The product comes in a decent quality shaped HDPE bottle which is silver in colour, the label has all the pertinant information on and is pretty understated and classy. The actual liquid is white in colour and smells to me like a popular mens shower gel and is actually really nice.

*Autobead say:*

*AutoBead Shine + Protect delivers rapid shine and protection. A long lasting car protection that repels dirt and amplifies shine, making your next 10 washes quicker and easier than ever

Easy and excellent water beading
Engineered to provide great shine Lasting protection from bird droppings, tree sap and flies 
Lasting protection from bird droppings, tree sap and flies
Shine and protection re-energised with every basic wash
Spray on application fit for all weather conditions
Safe for all vehicles and paint types
The layer lasts for up to 6 months OR 10,000 miles. Can be used on Car, Bike, Motorcycle, Caravan, Motor home and carbon on any type of finish.
*

All that sound great but lets see how it performs:thumb:

*The Method:*

Right something a bit different today....

My mum came round with he car, its a 2001 Honda Accord and honestly it has at the most seen a wash at the local scratch and shine but honestly what a mess.

The car is used for her to potter back and forth to work and to go up the stables so as you can imagine i has to curb my OCD's for a bit because i only had a couple of hours tops.

The car was cleaned with about 2 ltrs of APC, its 1st snow foam and 2 bucket wash and was actually looking pretty clean (you would not believe how bad inside the fuel filler cap was :doublesho)



I don't know how many of you have washed a car with zero protection on but its a weird feeling even with a well lubricated shampoo. Each panel just didnt feel smooth at all, it was almost like washing a rubberised coating



You can actually see from the pictures above that there was no beading or sheeting at all, the water just sat on the panel doing nothing.... So wet car and time for some Shine and Protect as time was tight:thumb:



4 or 5 sprays on each panel then spread around using a plush MF cloth.



Straight away you could feel the the panels becoming smoother and more slick and going round the car took a matter of 5 mins.



Even the glass came up well :thumb:

Standing back after application and you could see that the panels were pretty smeary (I tried to show this in a picture but due to the colour of the car it was a non starter).

So it was then time to go round the car with a larger drying towel to complete the final buffing proceedure .

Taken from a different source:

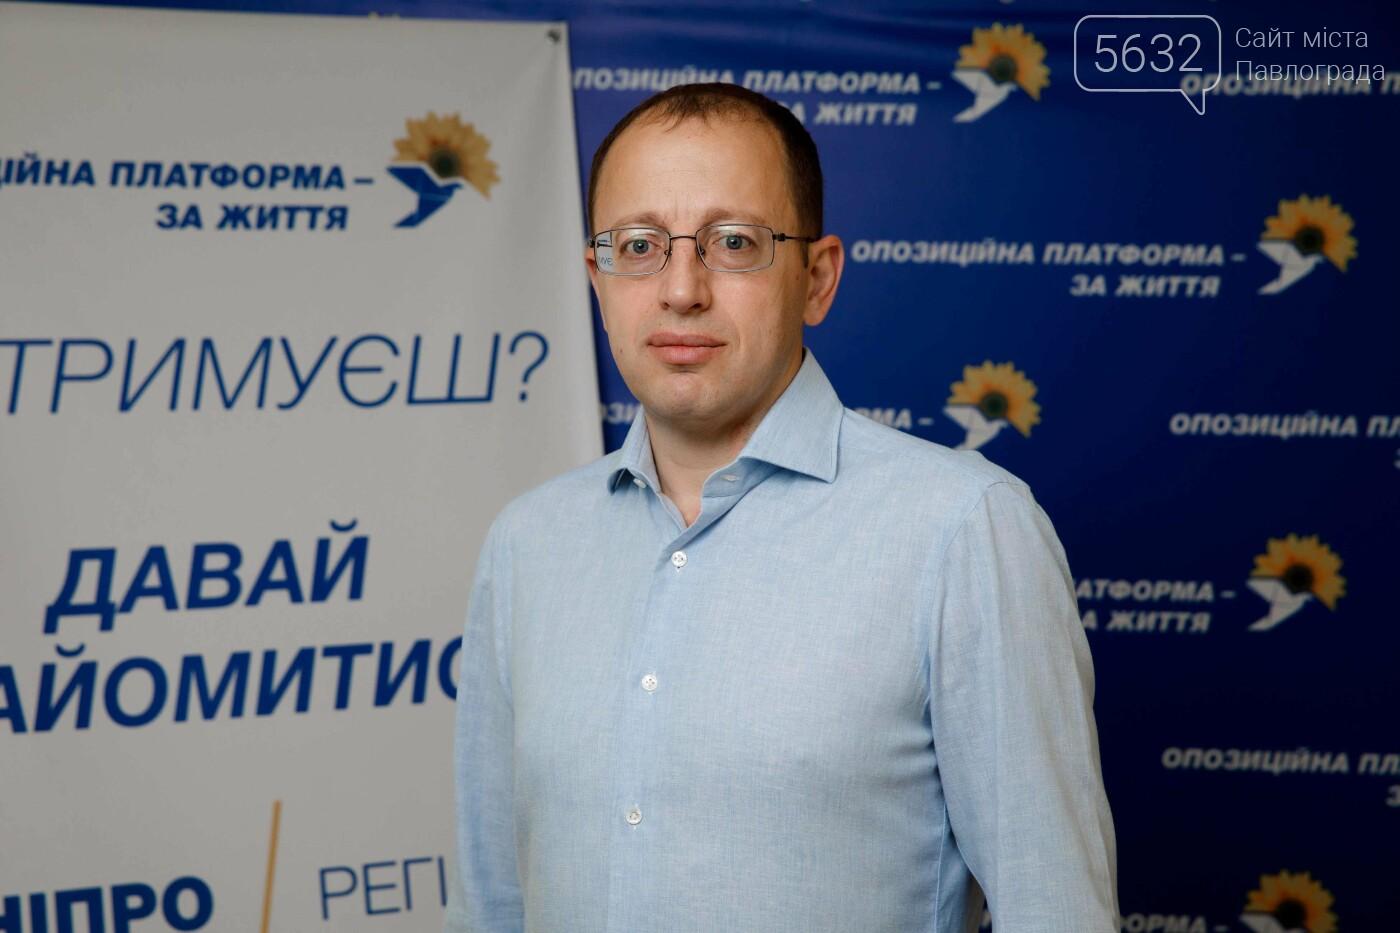 Глава областной ОПЗЖ Геннадий Гуфман: «Облсовет – это задача для партии, способной нести ответственность», фото-1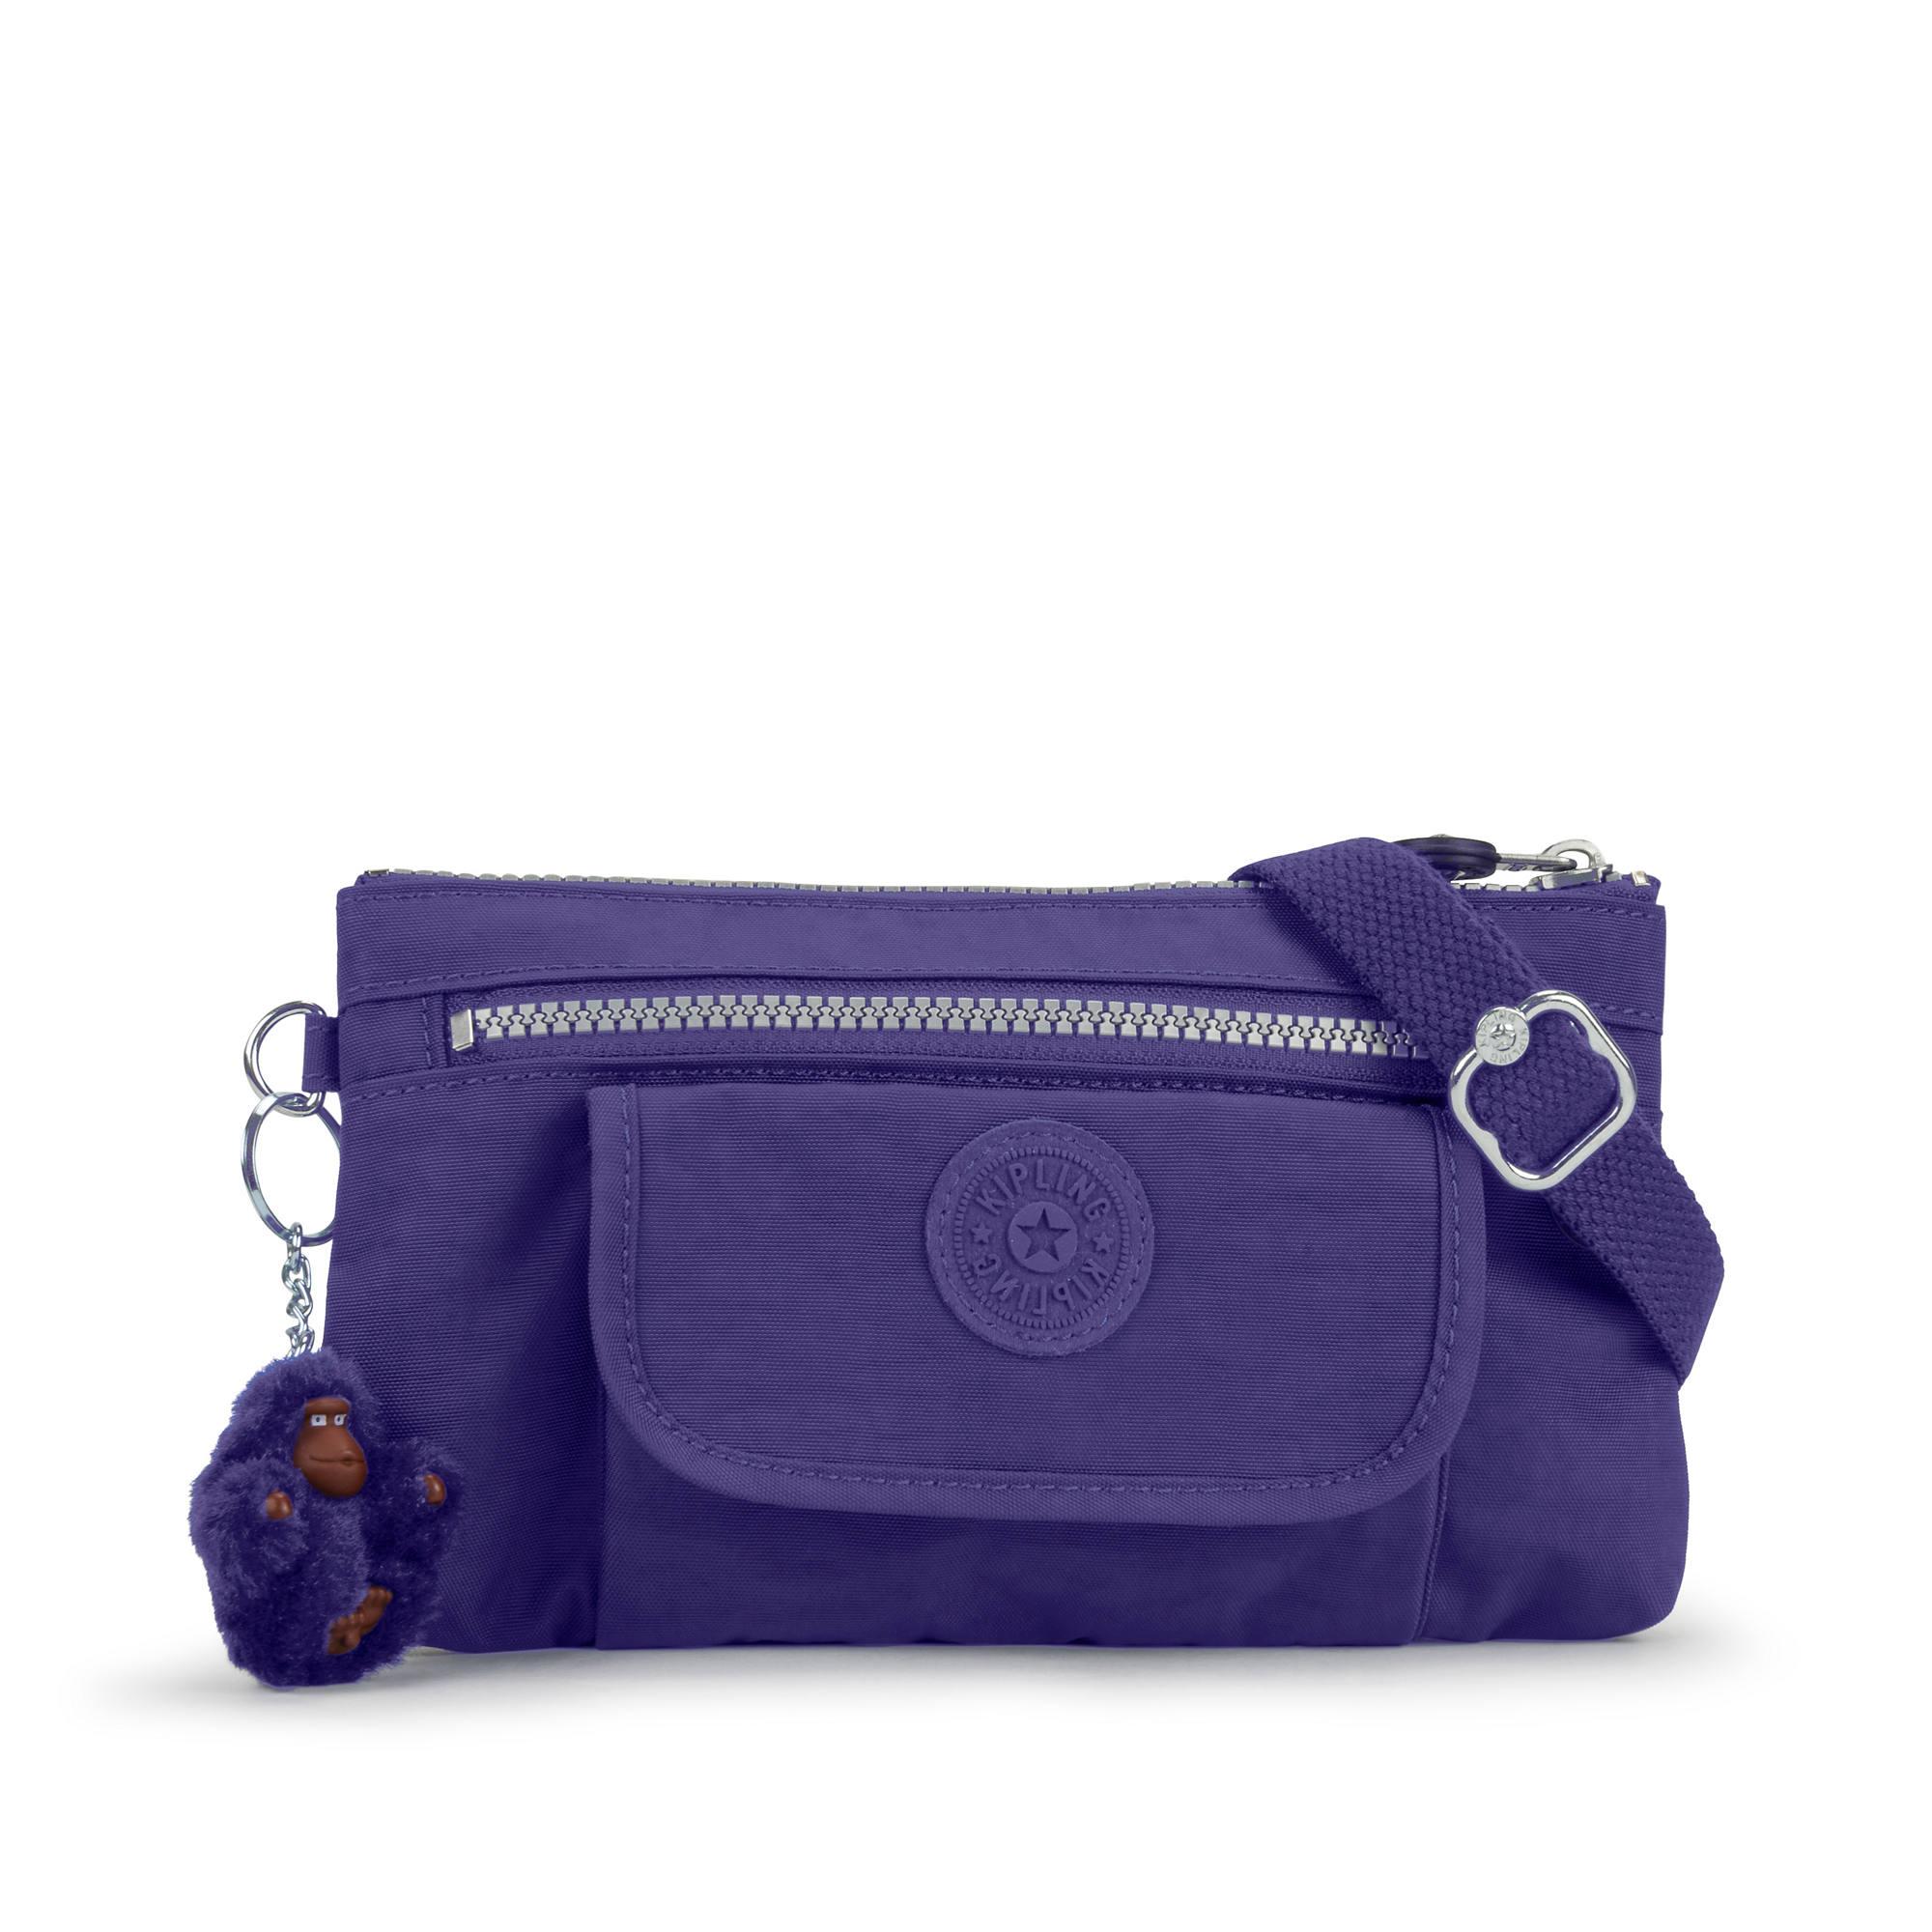 Alwyn Crossbody Bag Berry Blue Large

You could really feel the difference in the panels with each coming up pretty slick and shiny but i did see some smears so felt the need to go back round again with another clean plush MF cloth, not really a problem but it I felt it still needed doing:thumb:



The whole coating process in reality and this was with 3 runs round the car took a maximum of 10 minutes and this was incorporated into the drying process so really good time wise so was ideal for me today:thumb:

I was really chuffed with what had been achieved, going from a car that felt like a badgers bum to something that felt pretty slick in 10 minutes was brilliant



*Price:* £16.99 for a 500ml bottle and is available from here: http://www.autobead.com/products/shine-protect

Thinking about value this is not the cheapest product available but bear in mind that no more than 20ml of the product was used this means that the bottle would yield 25 applications, if the 10 week/wash durability can be achieved then its pretty good value.

*Would I use it again?:*

I think i will, I would like to give it a run out on a protected car to see how it looks, I also think it would work pretty well for those times when time is tight.

*Conclusion:*

Its always nice to try something new and it was certainly a new experience completing that little clean up :thumb:

AutoBead Shine and Protect is a really easy to use top up LSP spray, if you are ever short of time or even just can't be bothered this one might be worth a shout especially if the 10 wash durability can be achieved.



Weird beading thought but from none to this in 10 mins 

*Thanks for reading*


----------